January 1st, 2024

Reading and Writing Spatial Video with AVFoundation

A totally normal human wearing Apple Vision Pro on a plane.

Reading Spatial Video using AVAssetReader
Reading Spatial Video using AVPlayer
Writing Spatial Video using AVAssetWriter

If you’ve worked with AVFoundation’s APIs, you’ll be familiar with CVPixelBuffer, an object which represents a single video frame. AVFoundation manages the tasks of reading, writing, and playing video frames, but the process changes when dealing with spatial video (aka MV-HEVC), which features video from two separate angles.

Loading a spatial video into an AVPlayer or AVAssetReader on iOS appears similar to loading a standard video. By default, however, the frames you receive only show one perspective (the “hero” eye view), while the alternate angle, part of the MV-HEVC file, remains uncompressed.

With iOS 17.2 and macOS 14.2, new AVFoundation APIs were introduced for handling MV-HEVC files. They make it easy to get both angles of a spatial video, but are lacking in documentation¹. Here’s a few tips for working with them:

Reading Spatial Video using AVAssetReader

AVAssetReader can read media data faster than realtime, and is good for reading a video file, applying some transform, and writing back to a file using AVAssetWriter (for example, converting a spatial video to an SBS video playable on a Meta Quest / XREAL Air). Reading spatial video requires informing VideoToolbox that we want both angles decompressed from the video, instead of just the “hero” eye.

Create an AVAssetReader:

let asset = AVAsset(url: <path-to-spatial-video>)
let assetReader = try AVAssetReader(asset: asset)

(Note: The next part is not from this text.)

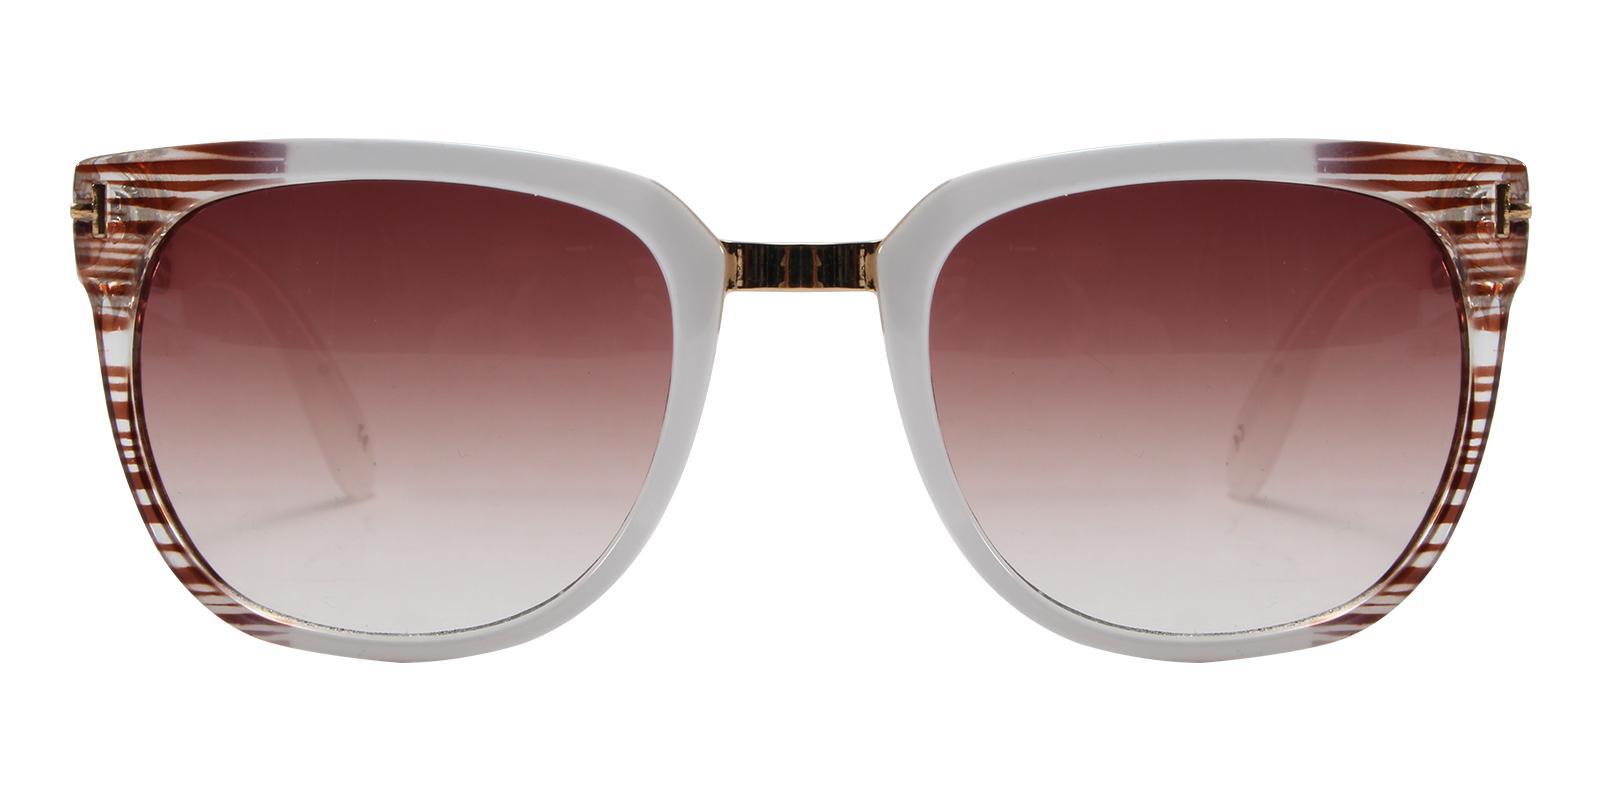 Mars Striped Acetate Sunglasses , UniversalBridgeFit Frames from ABBE Glasses

Create an AVAssetReaderTrackOuptut, specifying that we want both MV-HEVC video layers decompressed:

let output = try await AVAssetReaderTrackOutput(
    track: asset.loadTracks(withMediaType: .video).first!,
    outputSettings: [
        AVVideoDecompressionPropertiesKey: [
            kVTDecompressionPropertyKey_RequestedMVHEVCVideoLayerIDs: [0, 1] as CFArray,
        ],
    ]
)
assetReader.add(output)

Start copying sample buffers containing both angles:

assetReader.startReading()

while let nextSampleBuffer = output.copyNextSampleBuffer() {
    guard let taggedBuffers = nextSampleBuffer.taggedBuffers else { return }
    
    let leftEyeBuffer = taggedBuffers.first(where: {
        $0.tags.first(matchingCategory: .stereoView) == .stereoView(.leftEye)
    })?.buffer
    let rightEyeBuffer = taggedBuffers.first(where: {
        $0.tags.first(matchingCategory: .stereoView) == .stereoView(.rightEye)
    })?.buffer
    
    if let leftEyeBuffer,
       let rightEyeBuffer,
       case let .pixelBuffer(leftEyePixelBuffer) = leftEyeBuffer,
       case let .pixelBuffer(rightEyePixelBuffer) = rightEyeBuffer {
        // do something cool
    }
}

Reading Spatial Video using AVPlayer

When dealing with real-time playback, you’ll often want to use AVPlayer, which manages the playback and timing of a video automatically. AVPlayerVideoOutput is the new API added for reading spatial video in real time, and is straightforward to set up.

Create an AVPlayer:

let asset = AVAsset(url: <path-to-spatial-video>)
let player = AVPlayer(playerItem: AVPlayerItem(asset: asset))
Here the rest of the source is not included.